This post is the final part of a two-part series on analyzing recently found CVE-2018-1002105. In the last post, I covered the overview of Kubernetes (K8s) vulnerability (CVE-2018-1002105). Using an example API request flow, I explained how the vulnerability may lead to privilege escalation or anonymous access to K8s cluster using an example request flow.

In this post, I’ll go over the key underlying design elements in K8s that contributed to the vulnerability. And most importantly, how the vulnerability brings forward the challenges of securing any distributed microservice application. Finally, I’ll cover the key takeaways about how organizations can avoid such kind of vulnerability while adopting microservices architectural pattern for their applications.

Key design elements that contributed to CVE-2018-1002105

API server acts as a centralized AAA gateway

In Kubernetes security architecture, the API server acts as a centralized AAA gateway that provides authentication and authorization for all API requests. Once a request has been authenticated and authorized by the API server, the other services do not perform any further security checks and just rely on the trusted connection from the API server.

This architecture is similar to the traditional perimeter security/firewall based security. Perimeter security based architectures expose the single point of failure in the security infrastructure. If the perimeter is breached, the lack of inside (aka east-west) security checks allows a hacker to penetrate easily.

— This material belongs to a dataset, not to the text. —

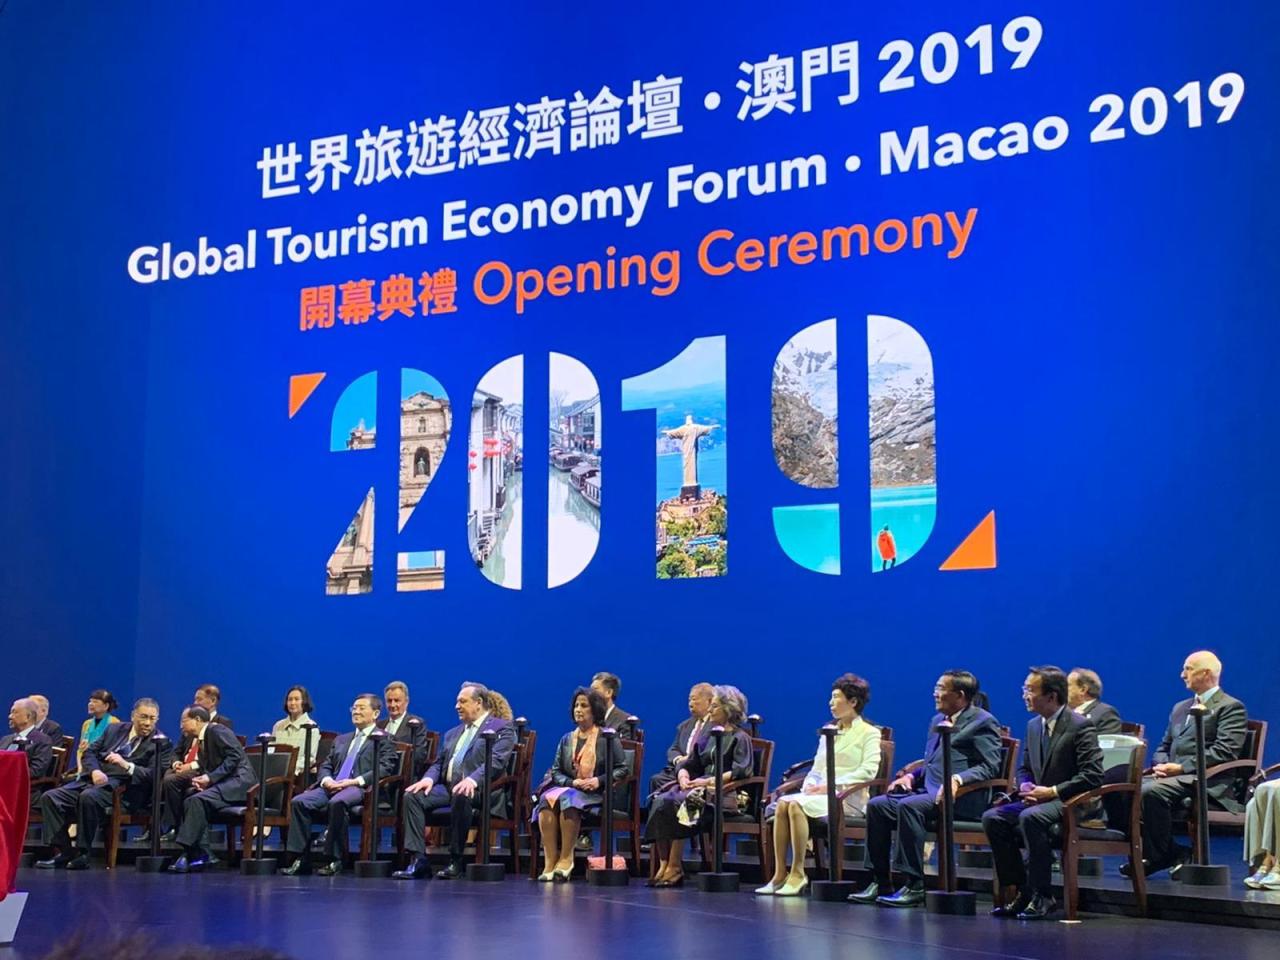 Global tourism economy forum kicks off in China's Macao

This vulnerability mainly resulted from the API server acting as the only authentication and authorization enforcement point in K8s platform. By disabling the API server from the request path, an attacker was able to penetrate inside the other services inside the K8s platform.

API server acts as a privilege escalation point

In K8s, API server elevates the privilege of an end user request while proxying it to the other services.

As API Server initiate connections to services behind it, API Server uses certificate-based authentication to authenticate itself to the services. The certificate that is used for authentication grants the requests over connection the ‘cluster-admin’ privileges. Backend services allow the requests over the authenticated connections to perform any operation that is allowed by cluster-admin role.

So while the connection between user and API server only has permissions as allowed by user’s roles, the connection between an API server and backend services has cluster-admin privilege. API server connects these two connections and bridges data from each other in a bi-directional manner. This results into privilege escalation for the requests that are coming from the user as they make their way onto the other side of the connection.

This behavior enabled a privilege escalation attack.

How the vulnerability is about the challenges of securing microservices in general

While K8s is a platform for deployment of microservices, it itself is based on microservices architecture and consists of multiple individual services that jointly work together to provide the full platform functionality.

Distributed microservices requires distributed security

The attack could have been prevented if the other services behind the API server were doing their own security checks. Making the API server as the only enforcement point is the main underlying cause of the vulnerability.

In the microservice architecture, there is very little difference between an external facing service and an internal service from a security point of view. As each service is exposing an API endpoint and is accepting API requests, each service must be responsible for its own security. Delegating the security to a centralized service creates a single point of failure in security infrastructure. This vulnerability underlines that the distributed microservices applications require distributed security checks and enforcement.

Deeper visibility into inter-service interaction is important

The vulnerability became more severe as the unauthorized requests from attackers were made over a bypassed connection, and the API server didn’t log that as part of its audit log or server log. It made it difficult to know if the attackers were exploiting the vulnerability.

This emphasizes that a deeper application layer visibility is needed between the service interactions. Deeper visibility enables insight into the regular behavior of services interactions and allows the detection of abnormal behavior. Thus enabling a deeper defense against breaches. An attack could have been exposed if the interactions between the API server and other services were visible to K8 administrators.

Key Takeaways

As microservices adoption is growing, fueled by their compelling benefits in terms of agility and flexibility, securing the microservices requires organizations to consider a new set of principles while designing their security infrastructure.

As demonstrated by CVE-2018-1002105 securing microservices based applications requires distributed security enforcement. Perimeter security based architecture is insufficient and can expose a single point of failure from a security point of view. Organizations need to adopt a more comprehensive and distributed approach to security while developing a security architecture for their micro-services.

Also, deeper application-layer visibility into the inter-service interactions becomes very critical from the security and operation point of view. Organizations need to ensure that there are no blind spots in their microservice deployments.